Partijen worden hierna [appellant] en Bewaarder Achmea genoemd.
[appellant] is bij dagvaarding van 27 maart 2019 in hoger beroep gekomen van het vonnis van de kantonrechter in de rechtbank Amsterdam (hierna: de kantonrechter) van 31 december 2018, dat onder bovenvermeld zaaknummer is gewezen tussen Bewaarder Achmea als eiseres en [appellant] als gedaagde.
Bij memorie van grieven heeft [appellant] tegen voornoemd vonnis vier grieven aangevoerd, producties overgelegd en geconcludeerd als aan het slot van die memorie vermeld. [appellant] heeft daarbij tevens een incidentele vordering ingesteld, strekkende tot het treffen van een voorlopige voorziening ex artikel 223 Rv.

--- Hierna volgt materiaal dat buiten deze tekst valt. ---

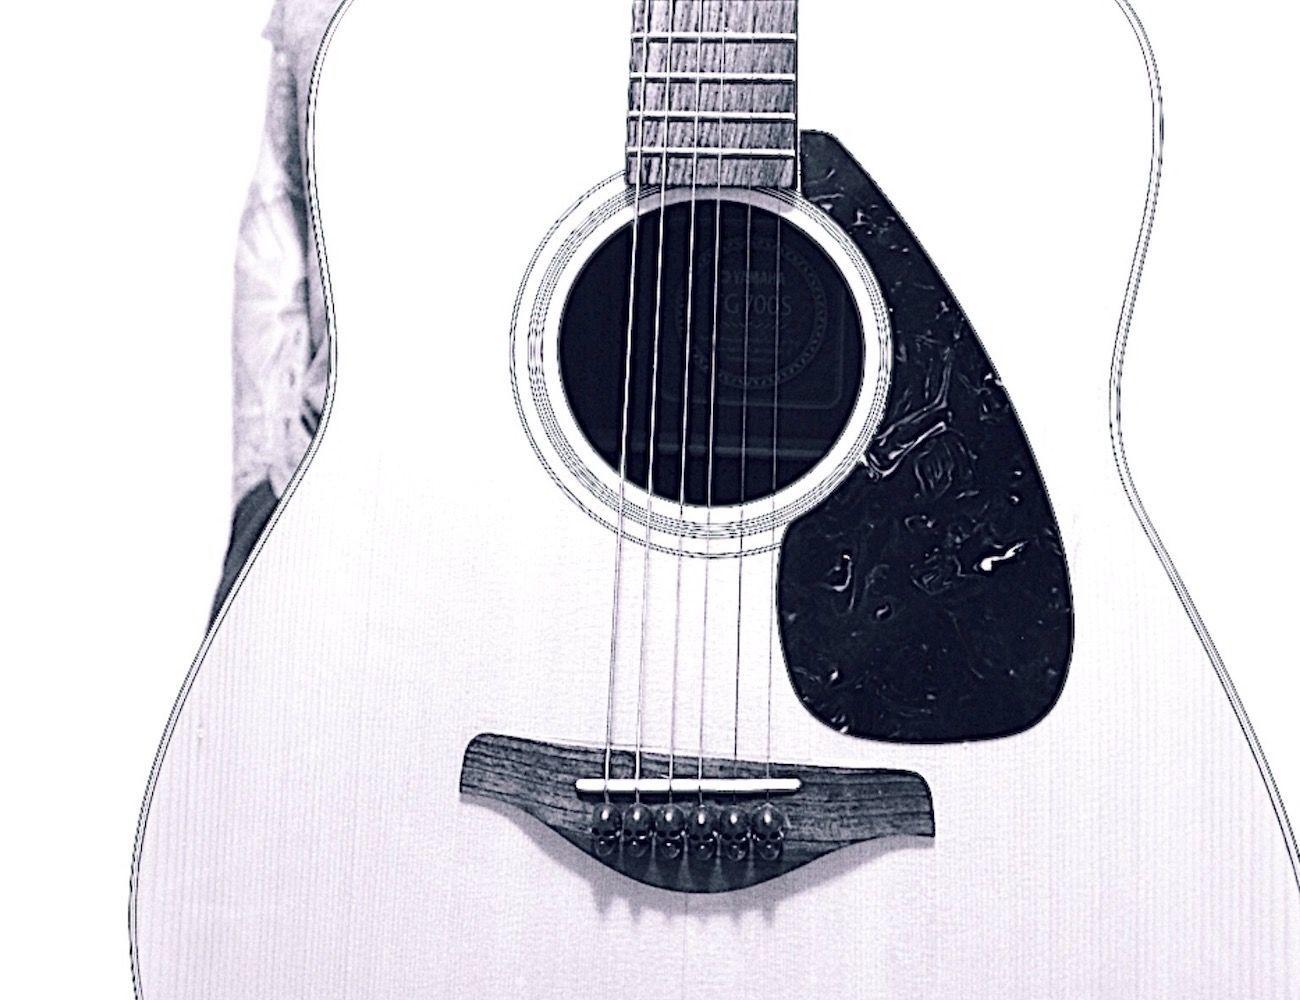 PinHeads Decorative Guitar Bridge Peg Caps
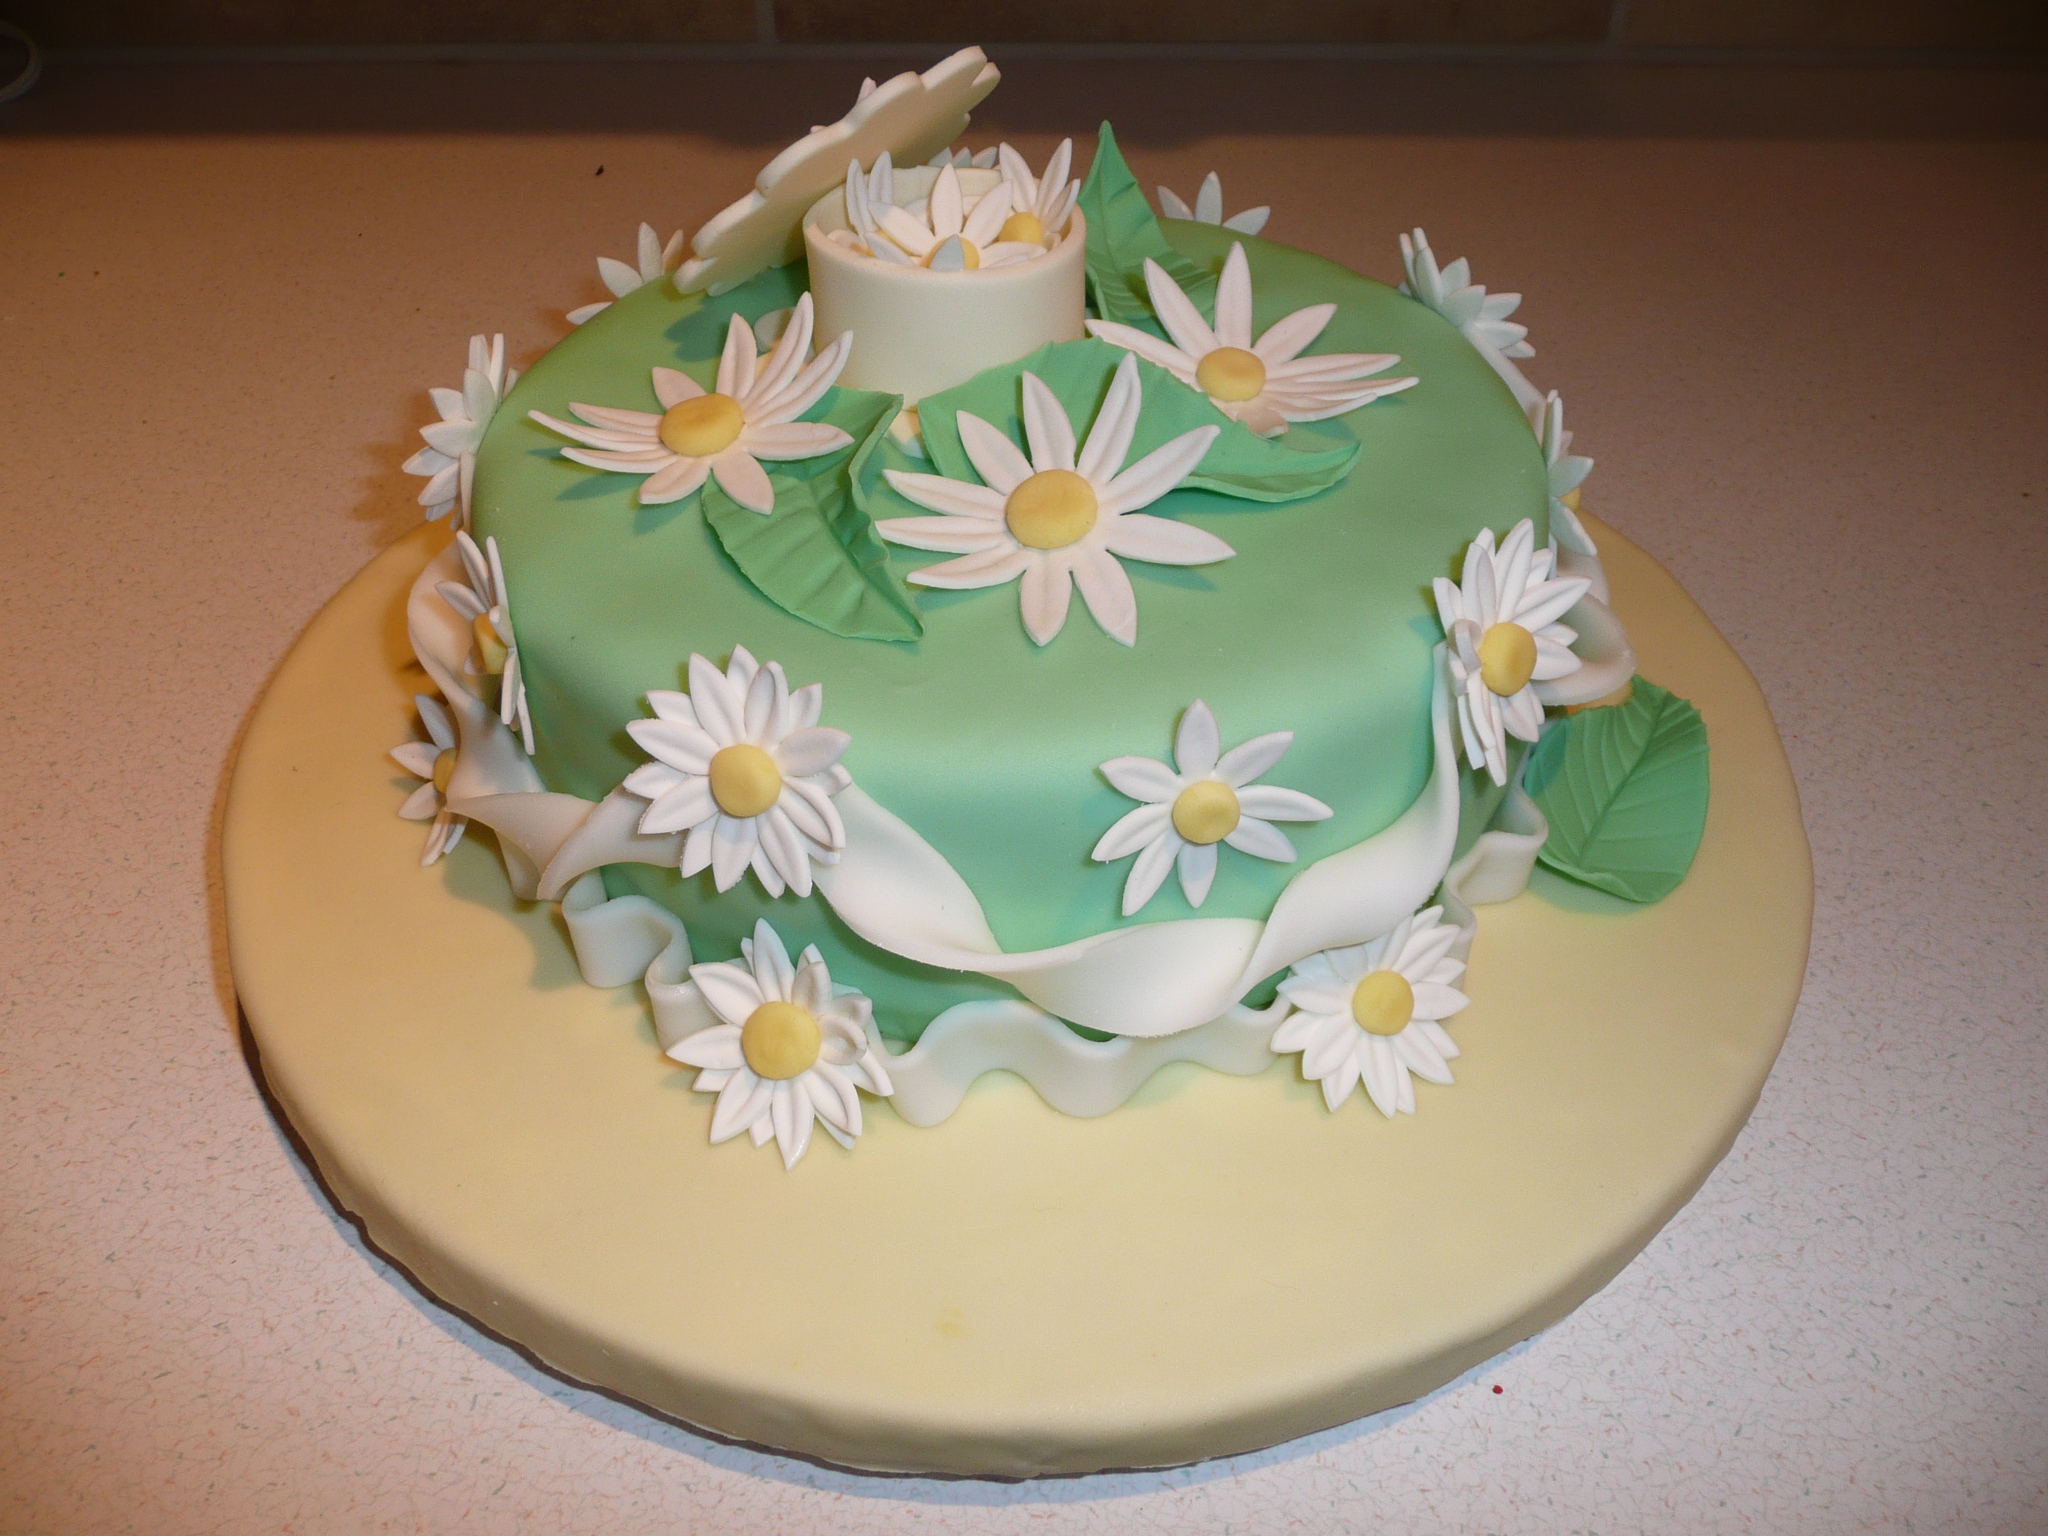 Cakes Flowers Daisies

Vervolgens heeft Bewaarder Achmea een antwoordconclusie in het incident, met producties, genomen.
Vervolgens is arrest gevraagd in het incident.
[appellant] heeft incidenteel (provisioneel) primair gevorderd te bepalen dat het executoriaal derdenbeslag dat Bewaarder Achmea op 7 maart 2019 onder de werkgever van [appellant] , Kwik-Fit Nederland B.V. (hierna: Kwik-Fit) heeft gelegd, wordt opgeheven, en subsidiair dat dit beslag wordt geschorst althans dat Bewaarder Achmea wordt bevolen de executie van het bestreden vonnis te staken en gestaakt te houden totdat het hof eindarrest in de hoofdzaak heeft gewezen, een en ander op straffe van de verbeurte van een dwangsom. Voorts heeft [appellant] gevorderd dat Bewaarder Achmea wordt veroordeeld – uitvoerbaar bij voorraad – tot betaling van de kosten van het incident.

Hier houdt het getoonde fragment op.